Sunteți pe pagina 1din 2

Chapter 22 Terms:

Crystal Palace
The Crystal palace was a cast-iron and plate-glass (had both become cheap and
abundant) building in Hyde Park in London, England. It housed the Great Exhibition
of 1851, which was the first in a series of Worlds Fair exhibitions of culture and
industry that were to become a popular nineteenth century feature. It ran from May
to October. Britain was dubbed the workshop of the world. This fair was organized
by Henry Cole and Prince Albert, Queen Victorias spouse. They were part of an
organization called the Royal Society for the Encouragement of Arts, Manufactures,
and Commerce as a celebration of modern industrial technology and design. Many
notable figures attended from all over the world, including Charles Darwin, Samuel
Colt, Lewis Carroll, and George Eliot. Companies and countries displayed their
products and juries awarded prizes accordingly. It burned down in 1936. The
Crystal Palace was important because it was symbolic of all the wealth and
industrialization that Great Britain had garnered, and encouraged the rest of the
world to follow.
Spinning Jenny
The Spinning Jenny was an invention created by James Hargreaves in 1765 during
the Industrial Revolution in England. It came to be due to the putting out system and
enclosure. It was a multi-spool spinning frame that reduced the amount of work
needed to produce yarn, with a worker able to work eight or more spools at once.

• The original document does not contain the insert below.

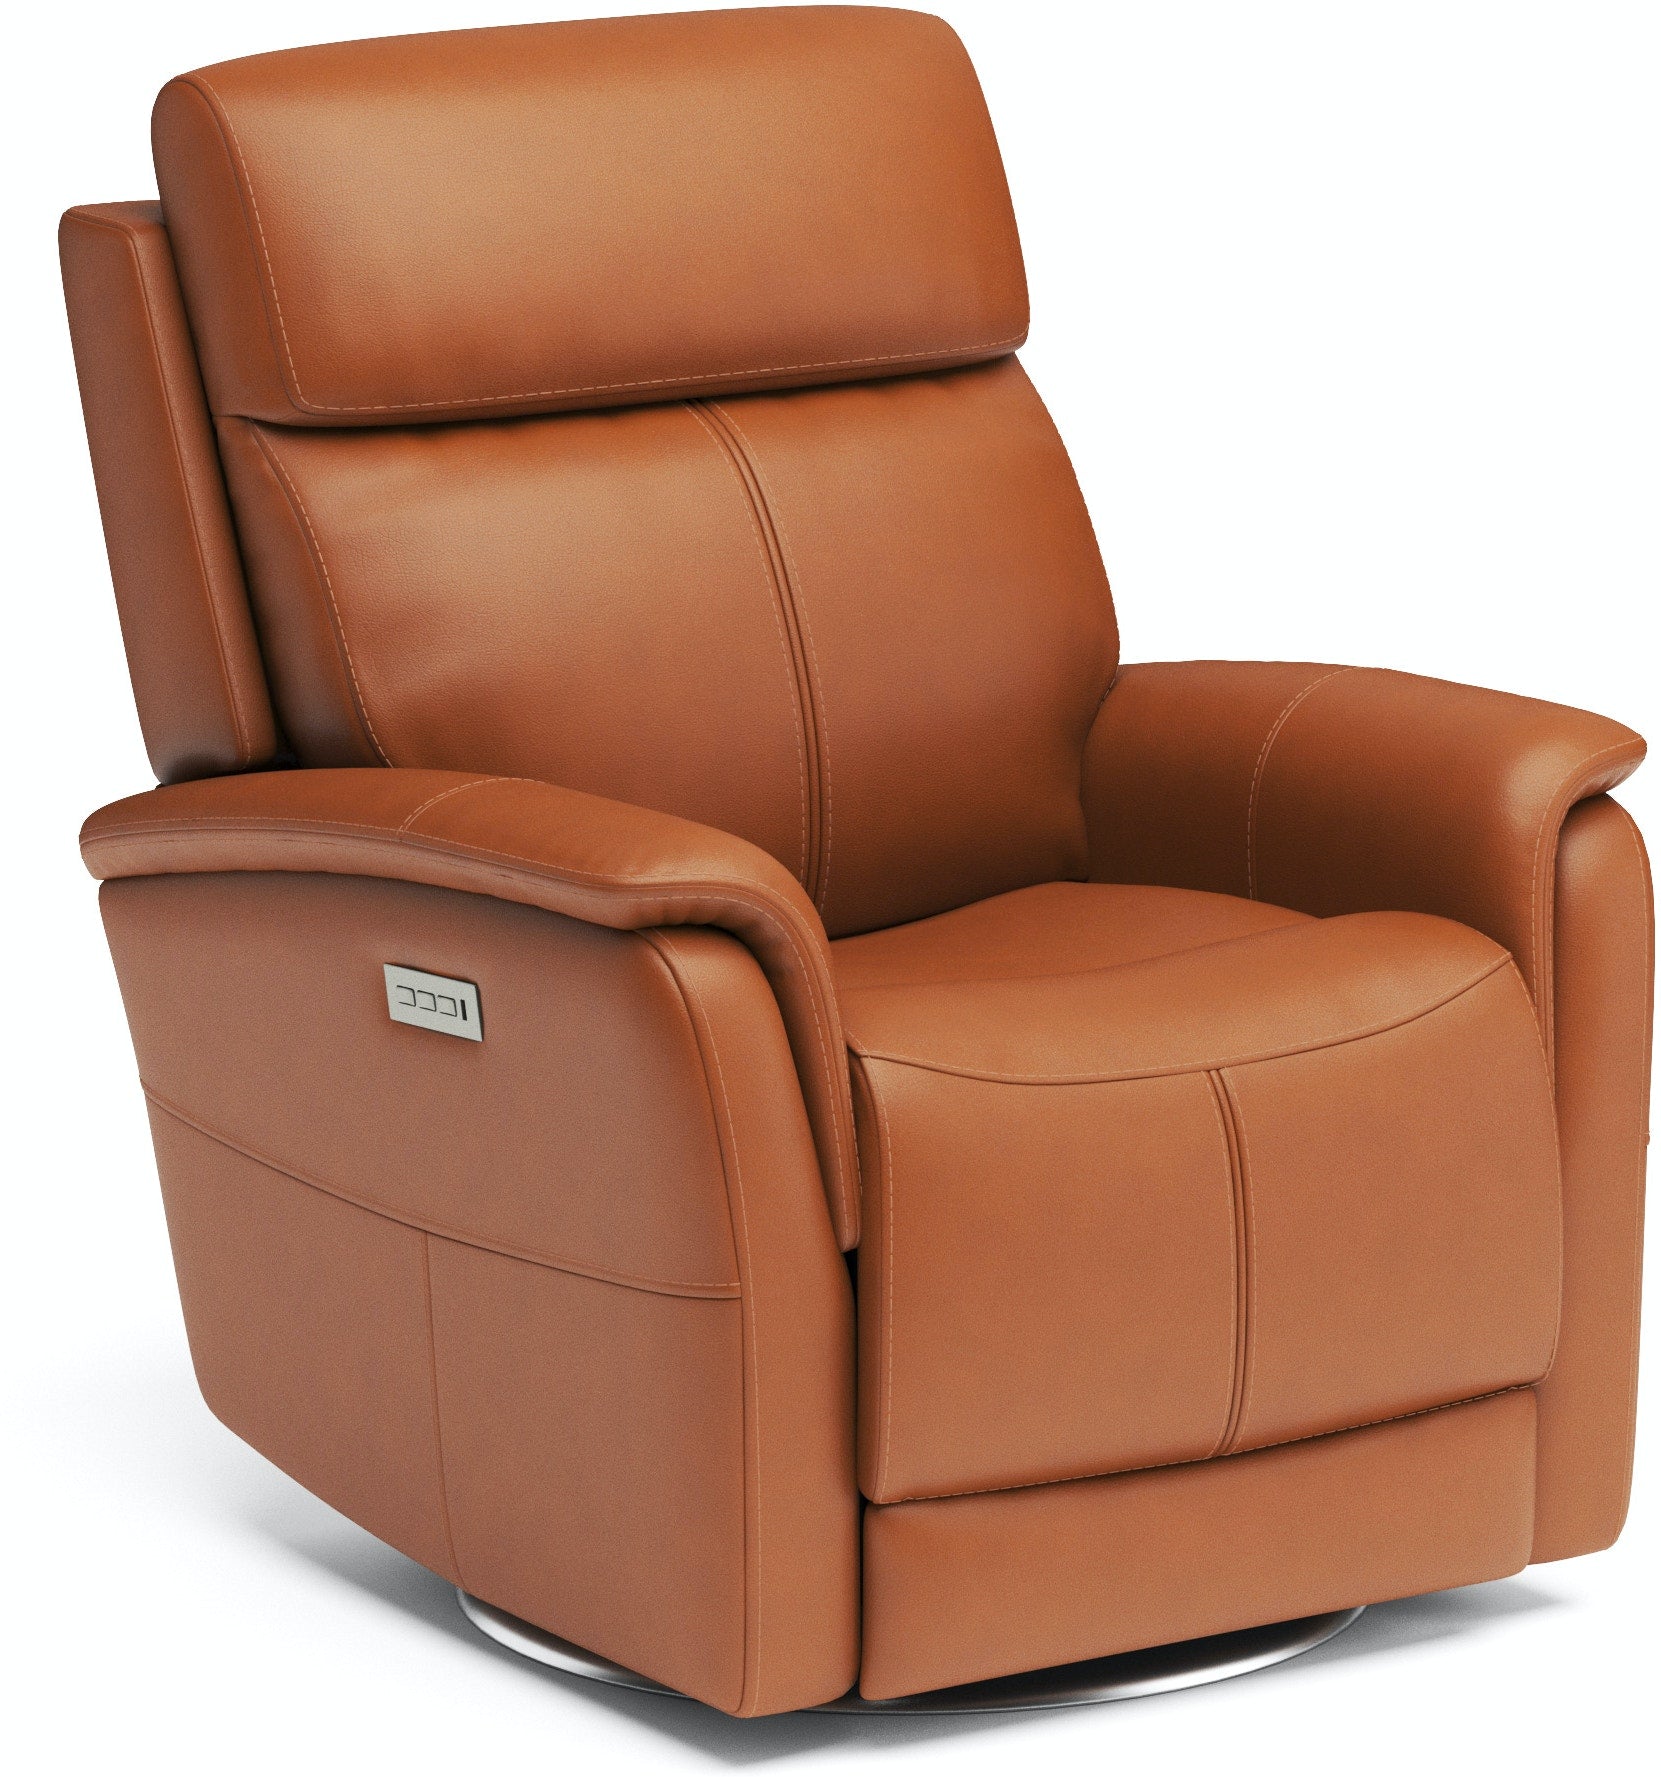 View Swivel Power Recliner in Saddle

Later as I got more advanced, that number increased to as much as 120 spools at
once. It was simple and inexpensive, and used in homes within the putting-out
system. It was important because along with Arkwrights water frame, it
revolutionized the textile industry. It made production skyrocket and allowed
people to be able to afford cotton, and made cotton weavers wealthier. It will lead to
factory development.
James Watt
James Watt was a Scottish inventor and mechanical engineer who made
improvements to the Newcomen steam engine. They changes were fundamental to
the changes brought by the Industrial Revolution in Britain and the rest of the
world. Thomas Newcomen invented the Newcomen steam engine in 1712. It was the
first practical device to harness the power of steam to produce mechanical work. In
1769, Watt perfected it by adding a separate condenser, which would in turn reduce
the engines waste of energy. To help ensure the success of his correction outside
the laboratory, he employed skilled workers and partnered with a wealthy English
toymaker, which provided risk capital and a manufacturing plant. This is important
because for the first time, humanity had almost unlimited power at its disposal. He
is important because he showed that to be successful in industry, one must invest
smart, employ skilled tradesmen, and manage efficiently because it was not an easy
or quick process. With this considered, he perfected the steam engine, even though
he didnt invent it. After its fix-up, the steam engine was quickly put to use, draining
mines and made possible the production of even more coal to feed steam engines
elsewhere. It started to replace cotton-spinning mills during the 1780s.
Robert Owen
Robert Owen was a Welsh social reformer and manufacturer who was one of the
founders of utopian socialism and the cooperative movement. His philosophy was
based on three intellectual pillars: 1. No one was responsible for his will and his own
actions because his whole character is formed independently of himself; 2. All
religions are based on the same ridiculous imagination that make man a weak,
imbecile animal; a furious bigot and fanatic; or a miserable hypocrite; 3. Support for
the putting-out system instead of the factory system. In 1816, he began his testify
against child labor in Great Britain. He said employing children under ten was
injurious to the child and not beneficial to the proprietors. He rose the age of
employment in his mills and promoted education for young children. His work
helped lead to the Factory Act of 1833, which limited the hours that children could
work. It also outlawed the employment of children under nine in the textile
industry, forbade the working of children under eighteen at night, and provided for
routine inspections of factories. This act led to the decline of employment in
children, and broke the pattern of whole families working together in the factory. He
is important because he used his reputable status as a successful businessman to
prove the consequences of child labor.
Friedrich Engels
Engels was a German-English industrialist, social scientist, political theorist, and
philosopher. After studying conditions in northern England, Engels, at the time a
young, middle-class German published The Condition of the Working Class in England
in 1844. It was a blistering indictment of the middle classes. He said, I charge the
English middle classes with mass murder, wholesale robbery, and all the other
crimes in the calendar. Karl Marx and later socialists embellished his influential
view of middle-class exploitation and increasing working poverty. He also was a
father of the Marxist theory, alongside Karl Marx himself. He helped him write The
Communist Manifesto in 1848. Marxism is an economic and sociopolitical worldview
and method of socioeconomic inquiry that centers upon a materialist interpretation
of history, a dialectical view of social change, and an analysis and critique of the
development of capitalism. Other works that Engels helped Marx on were Das
Kapital and Theories of Surplus Value. He is important because he was against the
move to industrialize, saying it exploited the middle class and capitalism corrupted
society. He showed that not everyone was for industrialization. Most importantly, he
influenced Karl Marx in his socialist ways.